Covariant approach to relativistic large-eddy simulations: Lagrangian filtering

TL;DR

This paper introduces a covariant filtering scheme for relativistic fluid turbulence that is observer-dependent but spacetime-independent, enabling more accurate large-eddy simulations with effective sub-grid models.

Contribution

It presents the first covariant filtering method for relativistic turbulence, applicable in arbitrary spacetimes, and demonstrates how to extract sub-grid closure models from the filtered equations.

Findings

Filtering residuals can be modeled as a non-ideal fluid with effective viscosities.

Most non-ideal terms correlate with thermodynamic and flow invariants.

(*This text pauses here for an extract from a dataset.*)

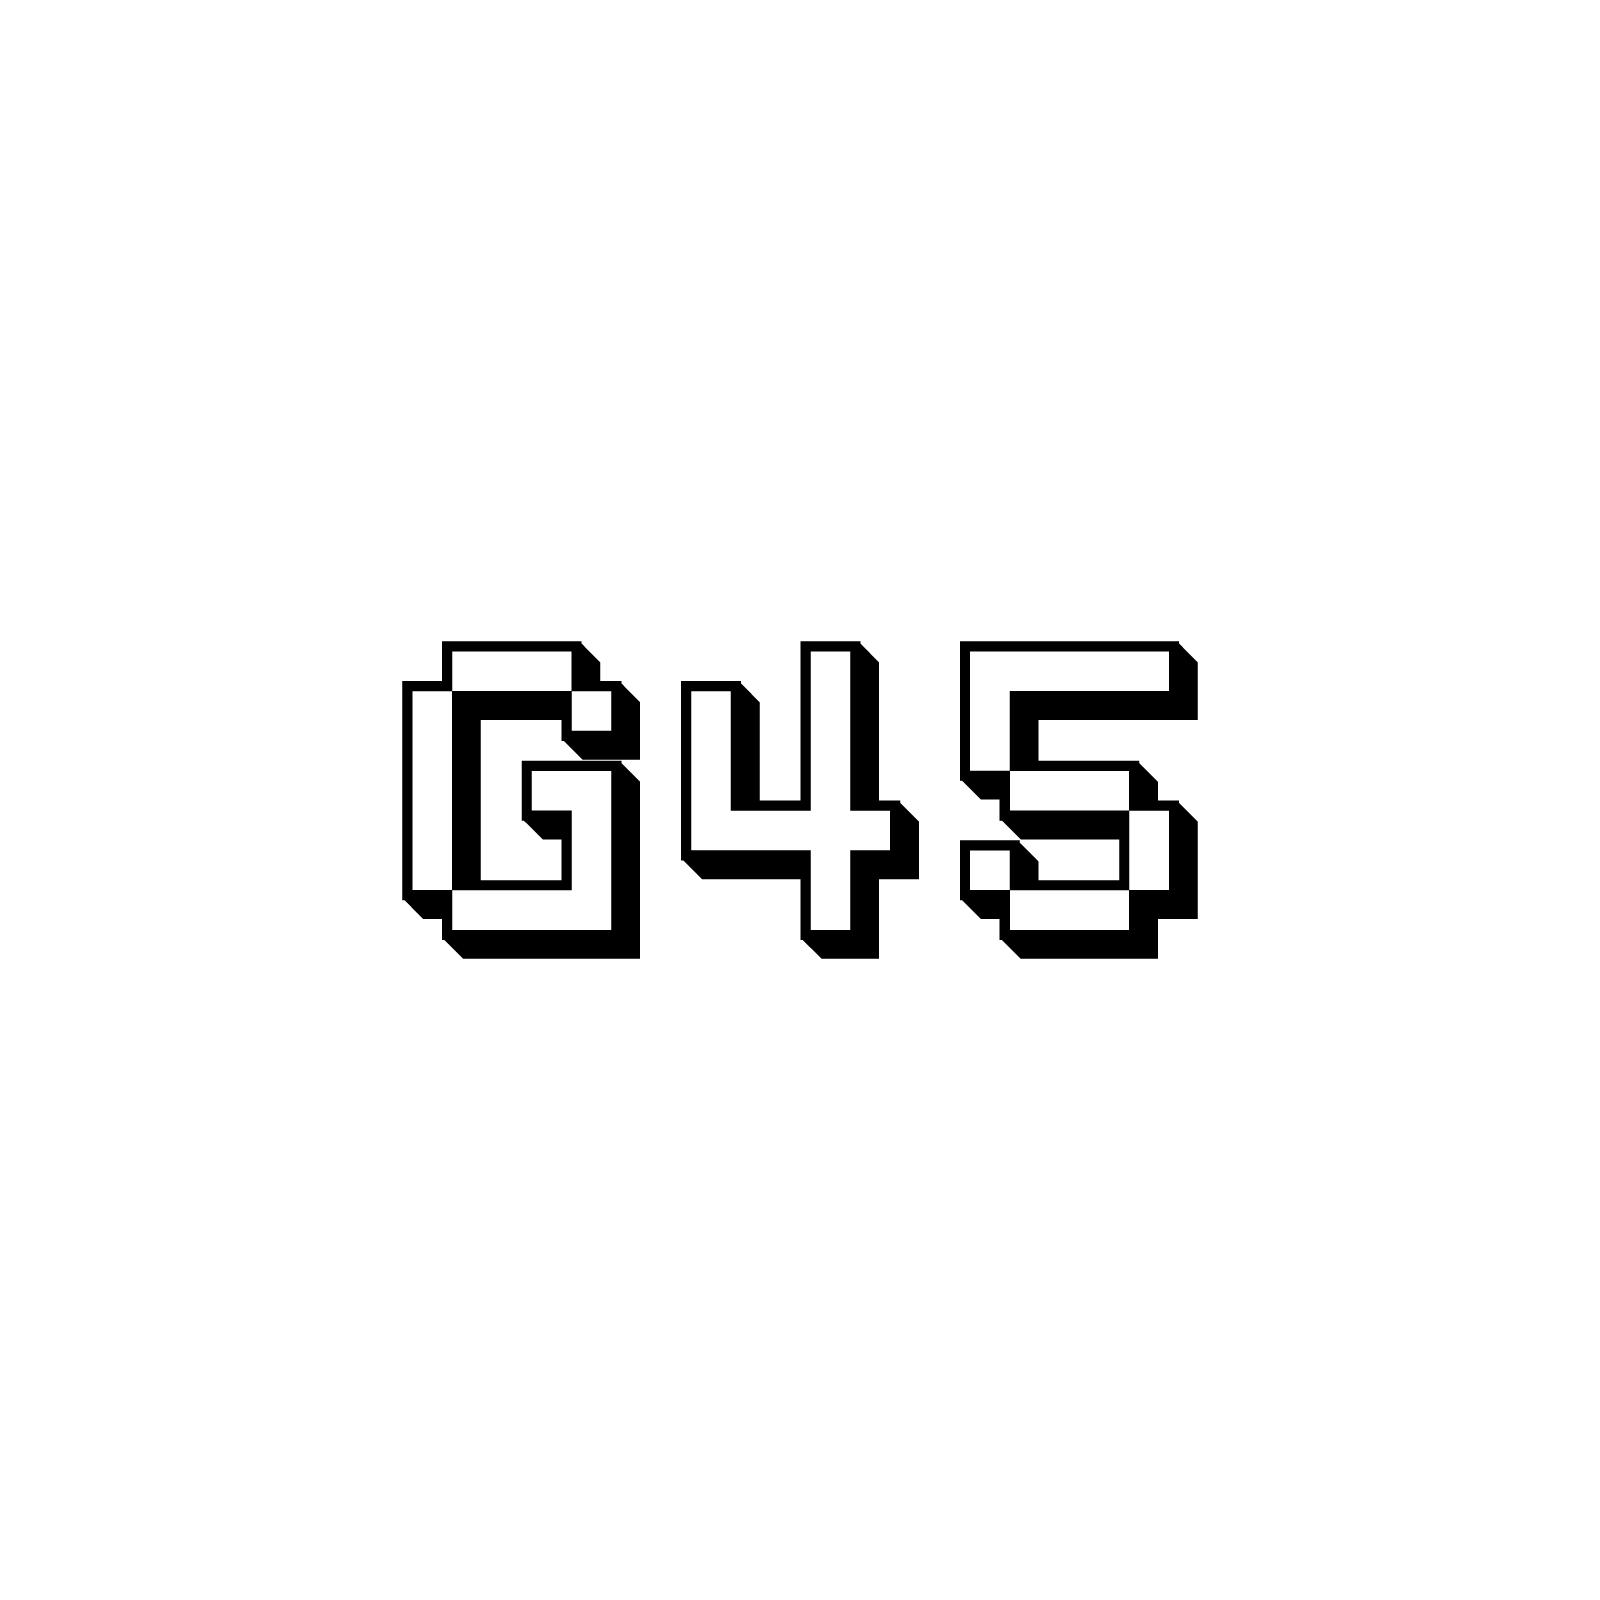 G45
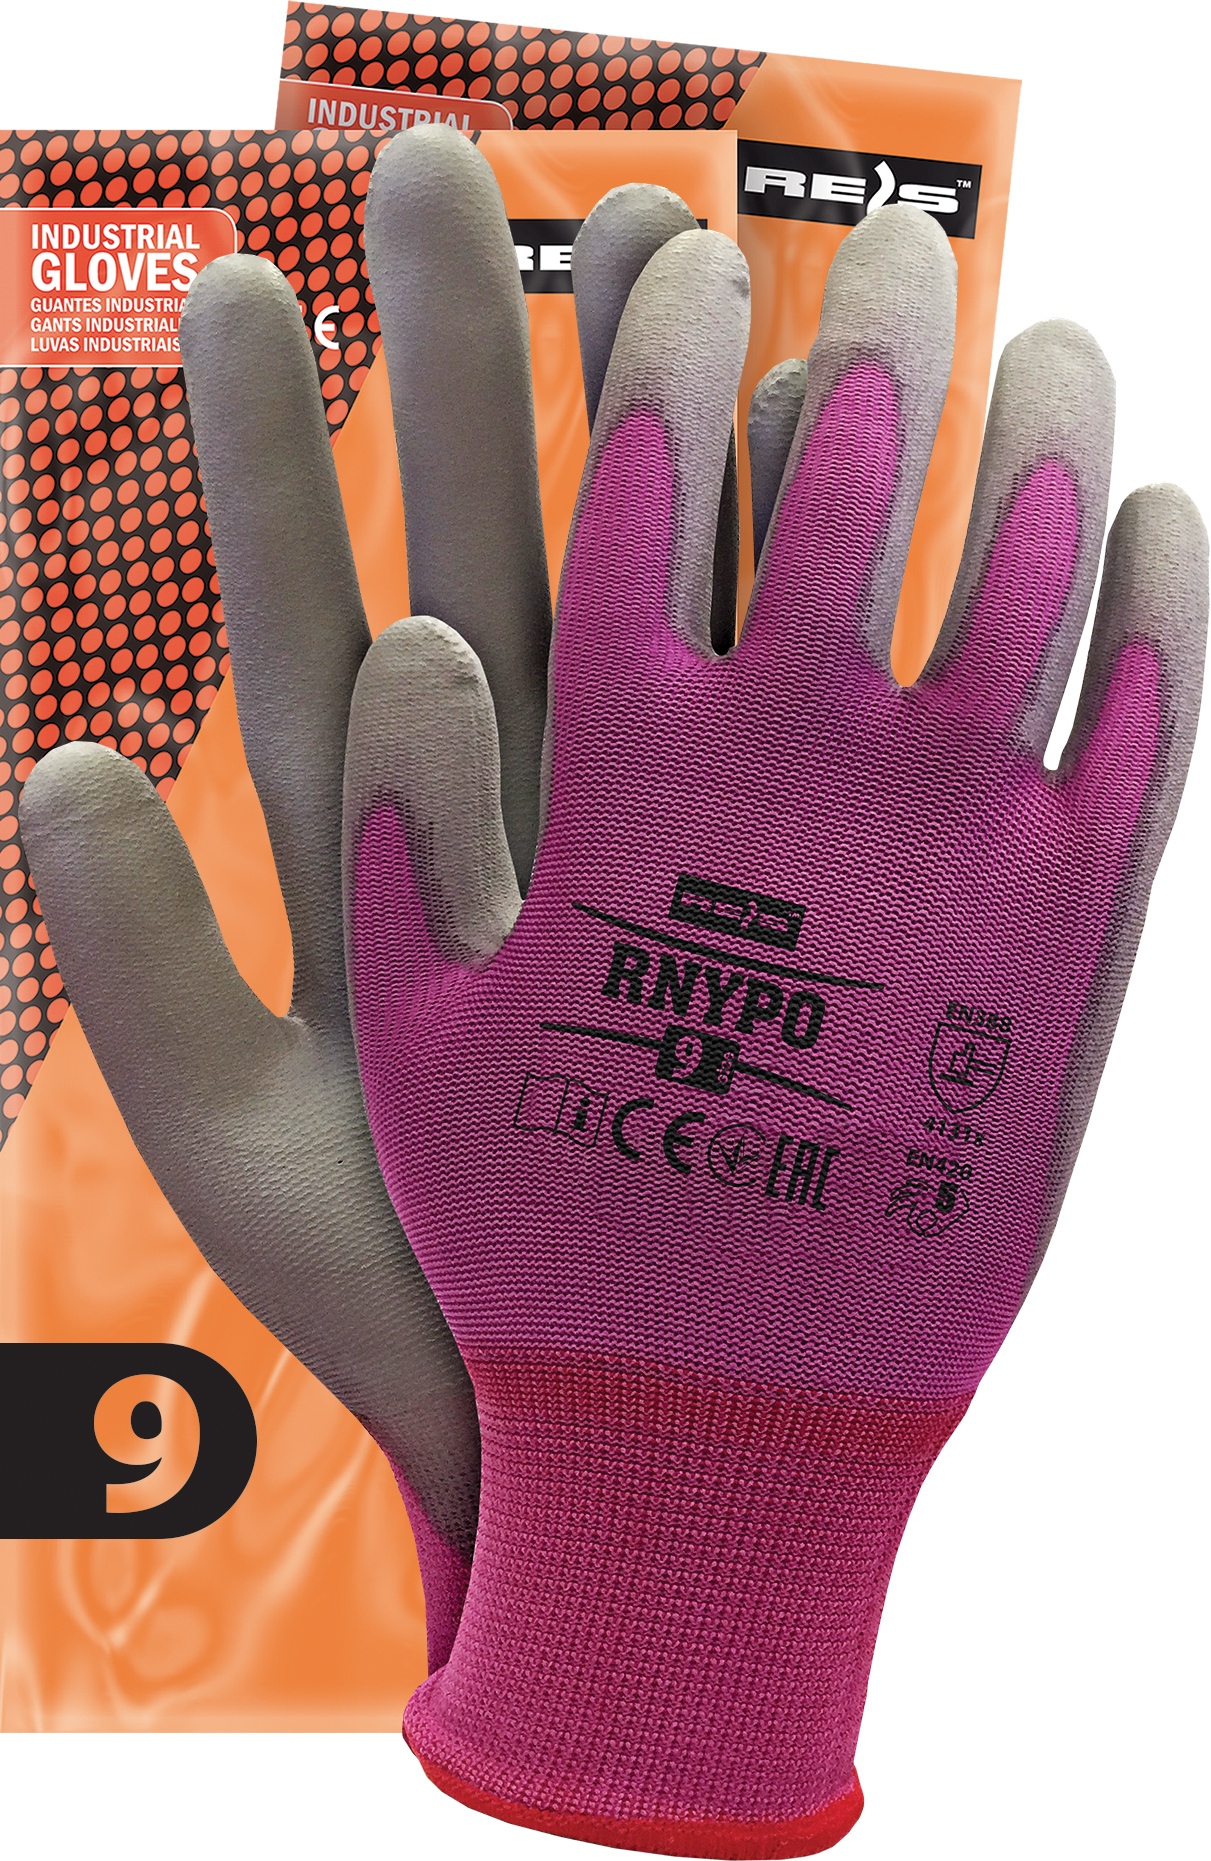 Защитные перчатки Rnypo покрыты полиуретаном

A power-law model fits the non-ideal coefficients for sub-grid closure.

Abstract

We present a proof-of-principle implementation of the first fully covariant filtering scheme applied to relativistic fluid turbulence. The filtering is performed with respect to special observers, identified dynamically as moving with the "bulk of the flow". This means that filtering does not depend on foliations of spacetime but rather on the intrinsic fibration traced out by the observers. The covariance of the approach means that the results may be lifted into an arbitrary, curved spacetime. This practical step follows theoretical work showing that the residuals introduced by filtering a fine-scale ideal fluid can be represented by a non-ideal fluid prescription at the coarse scale. We interpret such non-ideal terms using a simple first-order gradient model, which allows us to extract effective turbulent viscosities and conductivity. A statistical regression on these terms shows that the majority of their variation may be explained by the thermodynamic properties of the filtered fluid and invariants of its flow, such as the shear and vorticity. This serves as a validation of the method and enables us to fit a functional, power-law form for the non-ideal coefficients -- an approach that may be used practically to give a sub-grid closure model in large-eddy simulations.